Look, Mayor Moore, this letter isn’t a petition to have the bike paths removed or upgraded or left alone. It is merely free provision of advice because I’m concerned about my community. What I want is to use your platform to share my game-changing discovery. I want the local therapists to know the root cause of their clients’ stress. I want the local universities to acknowledge my studies for once and use it as a springboard for further research. I want the general populace to have free access to this knowledge, and if they like it, maybe they can help fund my current paper and future endeavours. Mayor Moore, they deserve to know, and my tiny platform of fifty Facebook friends is not big enough to share it.

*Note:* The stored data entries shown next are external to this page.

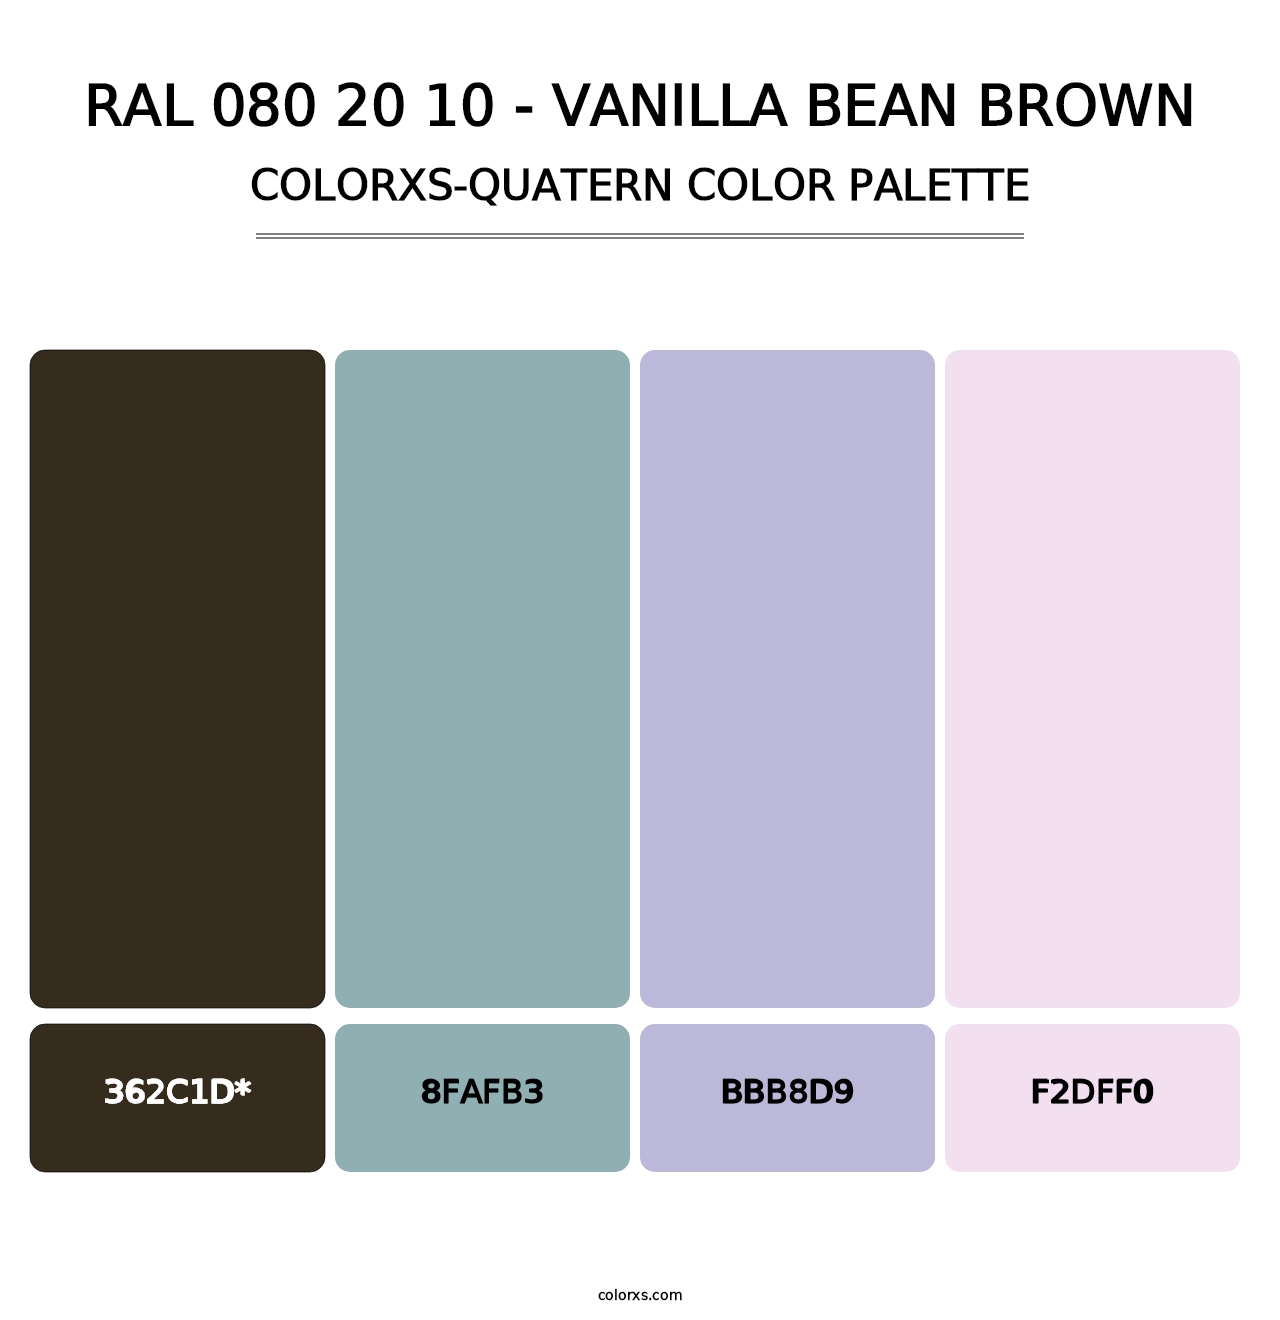 RAL 080 20 10 - Vanilla Bean Brown - Colorxs Quatern Palette
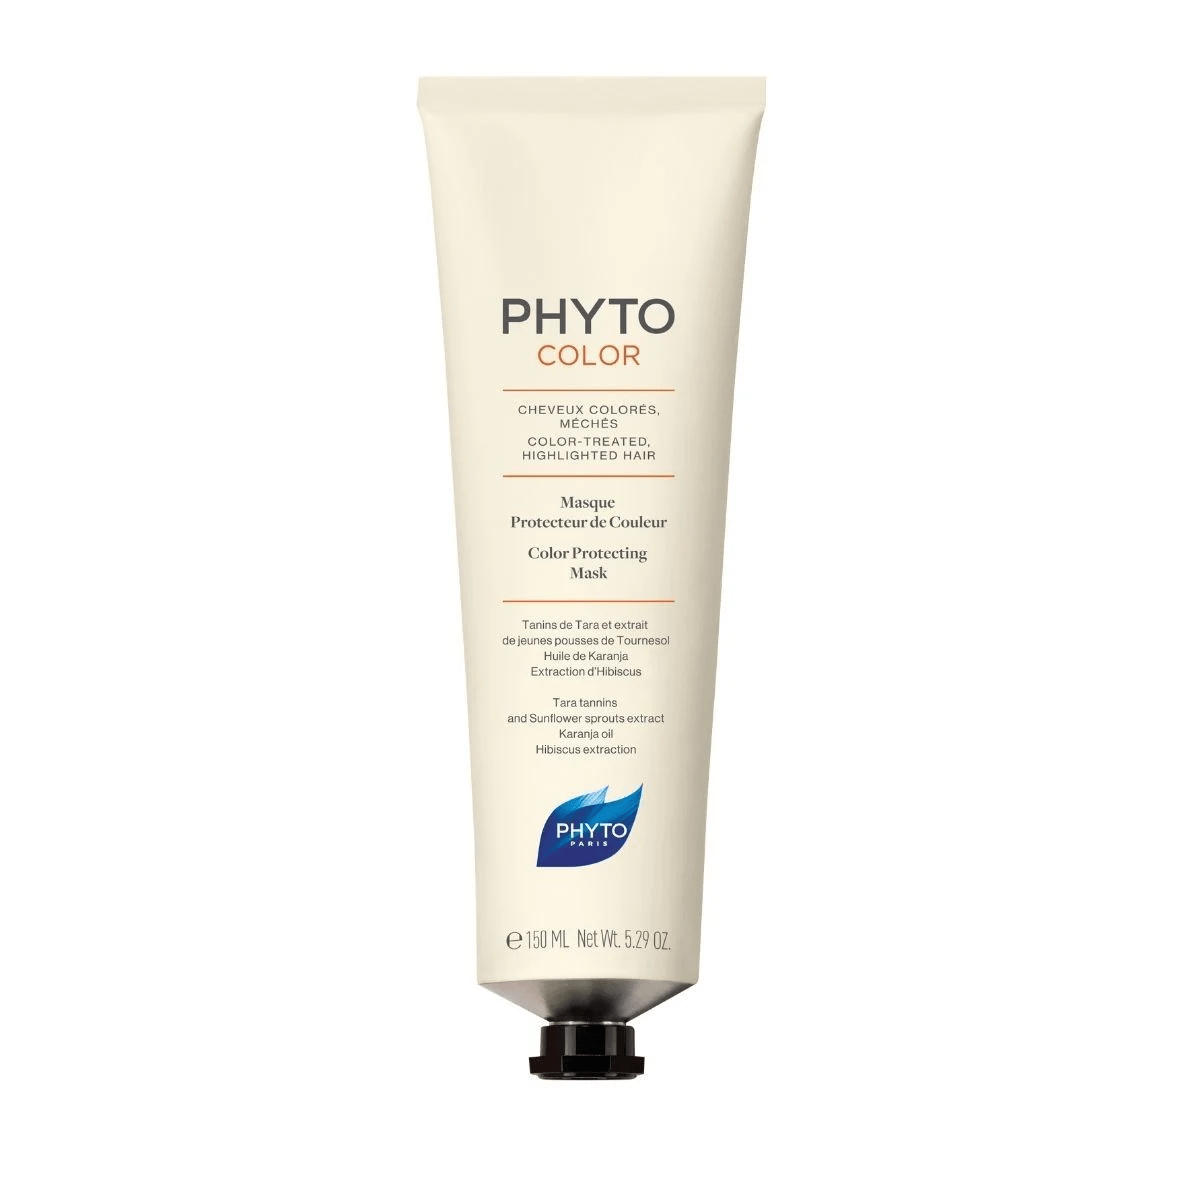 PHYTO Soins & Beauté Phytocolor (masque protecteur de couleur) 150ml
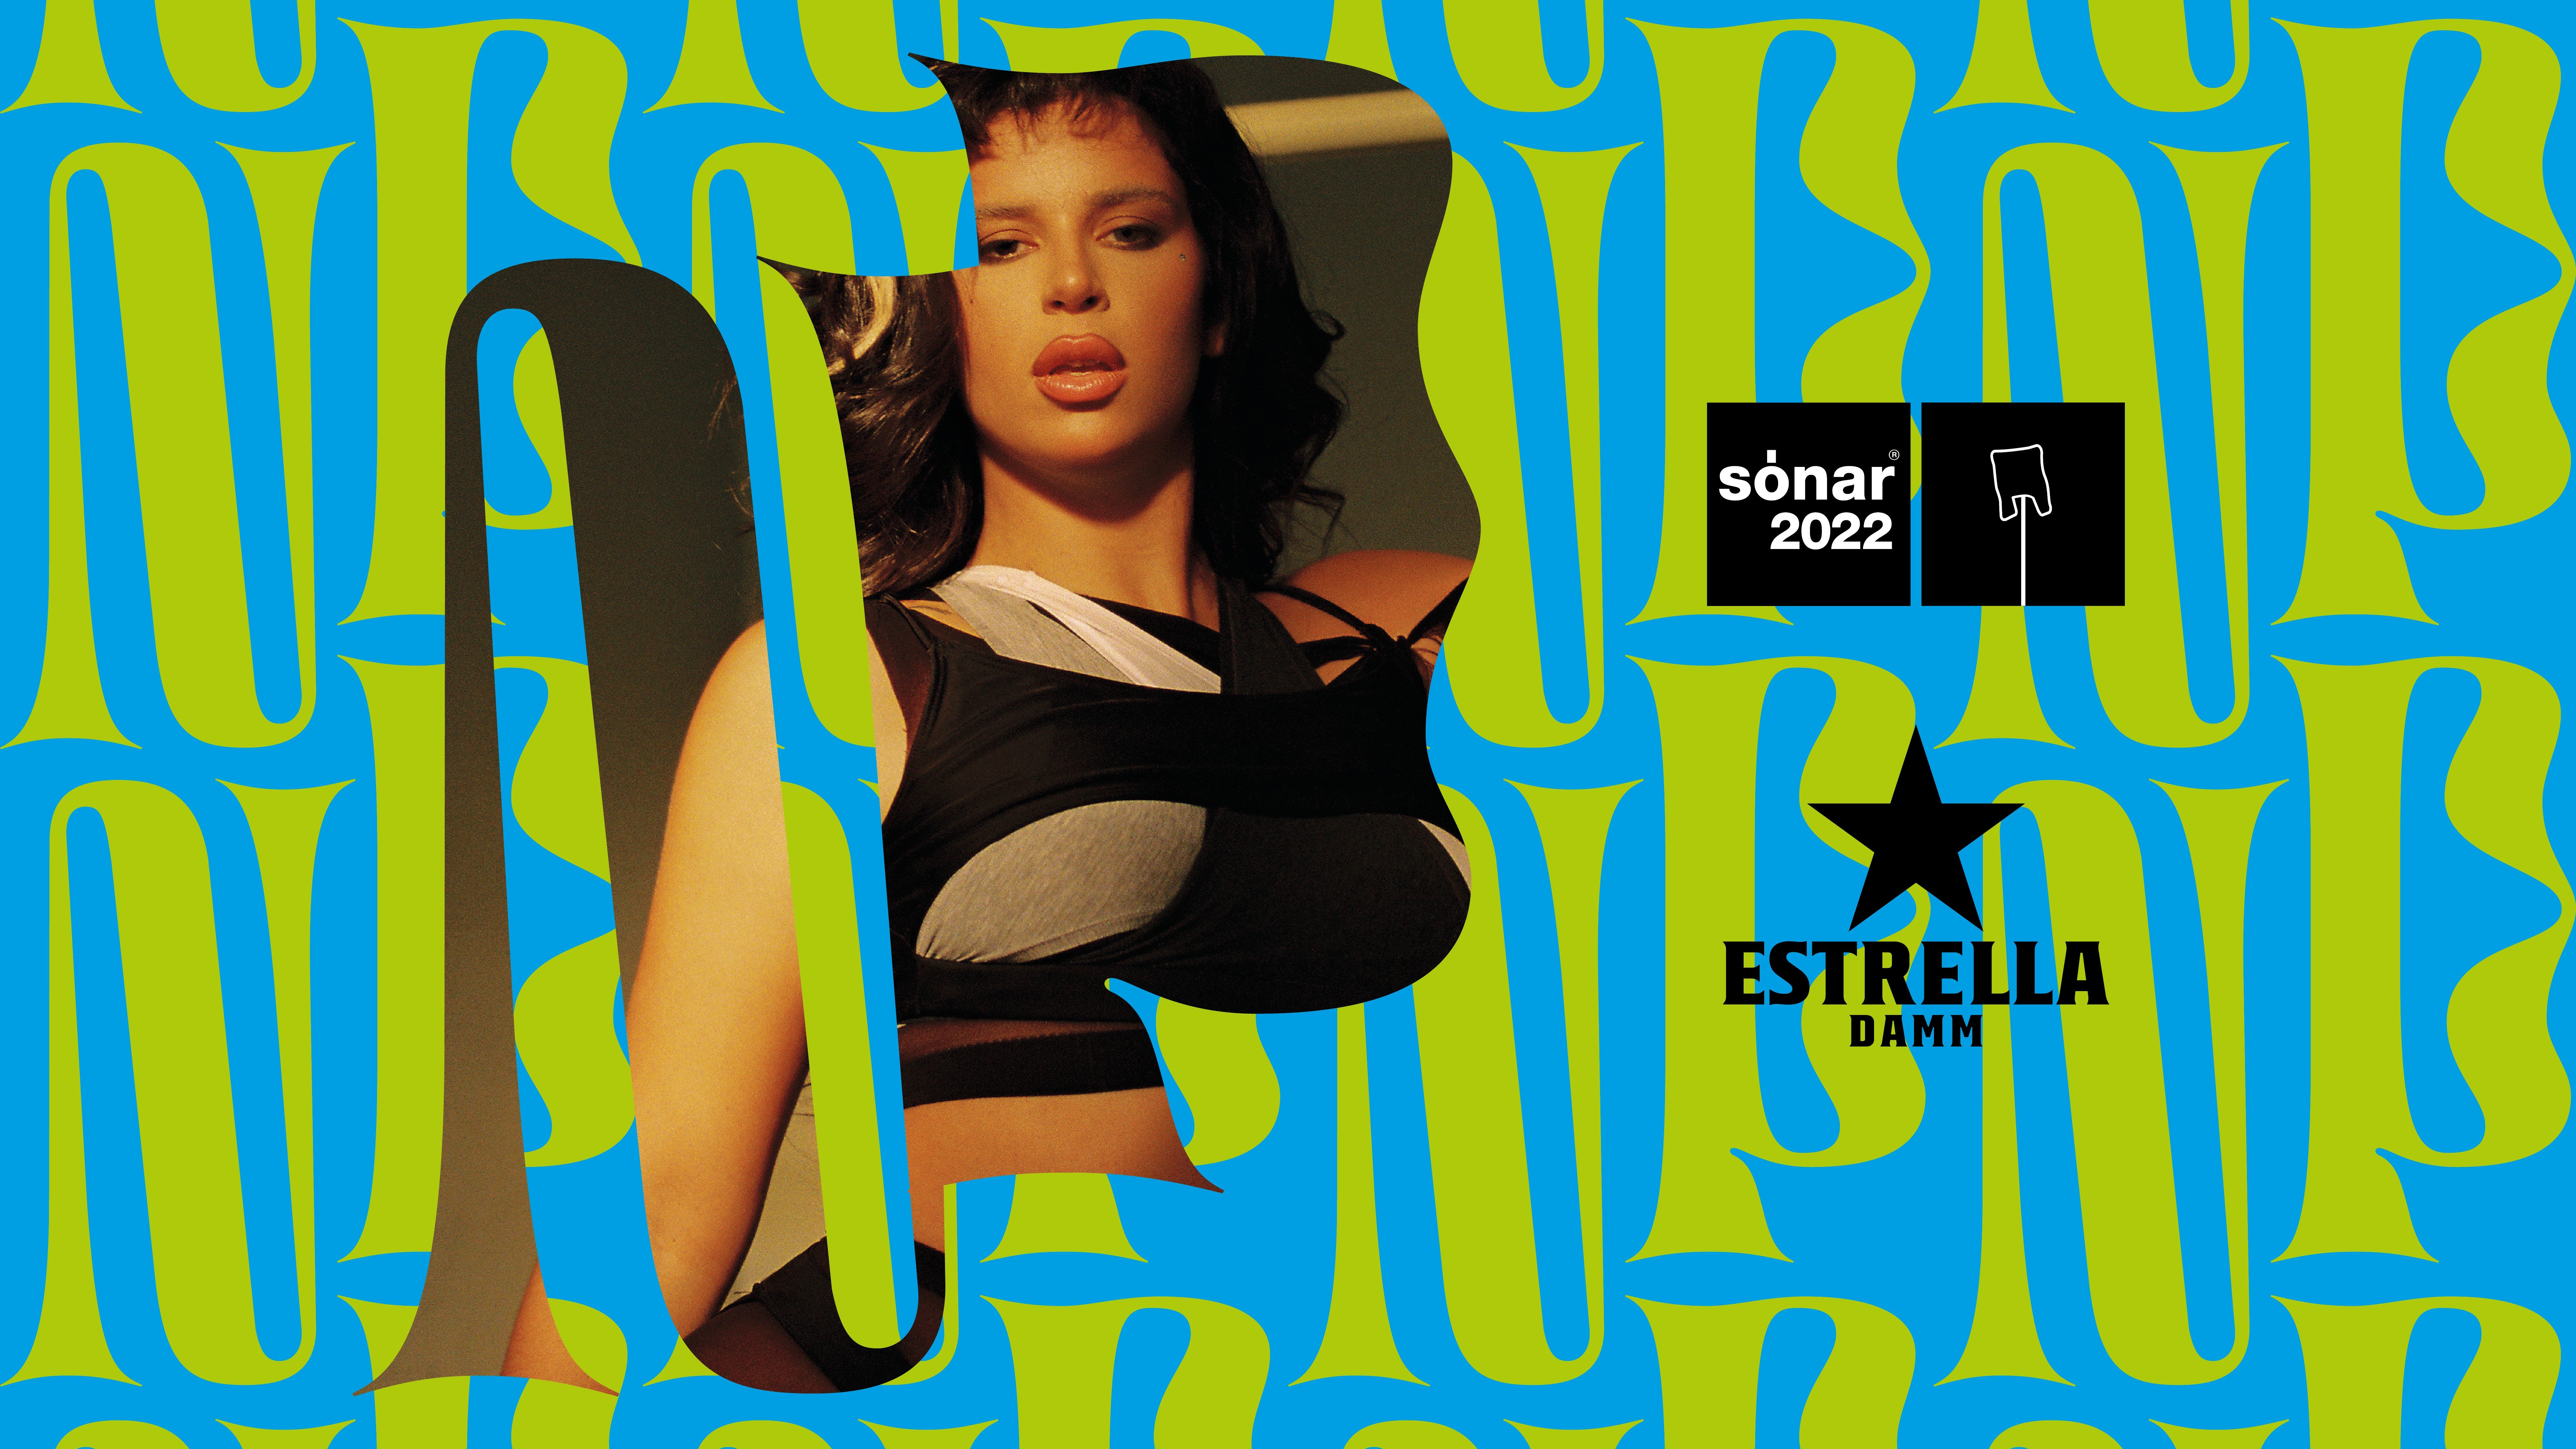 Estrella Damm invita a 14.000 personas al concierto del Sónar 2022 con Nathy Peluso

Anyway, I hope you are well. If you’re planning on putting this info in a community newsletter, it might be helpful to add my contact details for those with questions, and add a link to my Paypal for those inclined to donate. Hopefully this letter has given you some confidence in my rigorous methodologies.
Sincerely,
Joe L. Baker.
A Note From the Author, Joel (Not Joe, a Guy Who Joel Does Not Want to Be Confused With Because of His [Joe’s] Wack-Ass Research Methodologies)
I didn’t want this post to be fiction. I thought after a couple months of noting down the details I notice whilst traversing in various ways, I’d find a relationship between mode of transport and the things we observe. And though I do believe there is some vague correlation between velocity and detail, in drafting this, the more I wrote, the more abstract the relationship became until the entire thing turned to fiction—what you see above. Maybe another couple months will yield something of substance, but until then, please leave the research to professionals.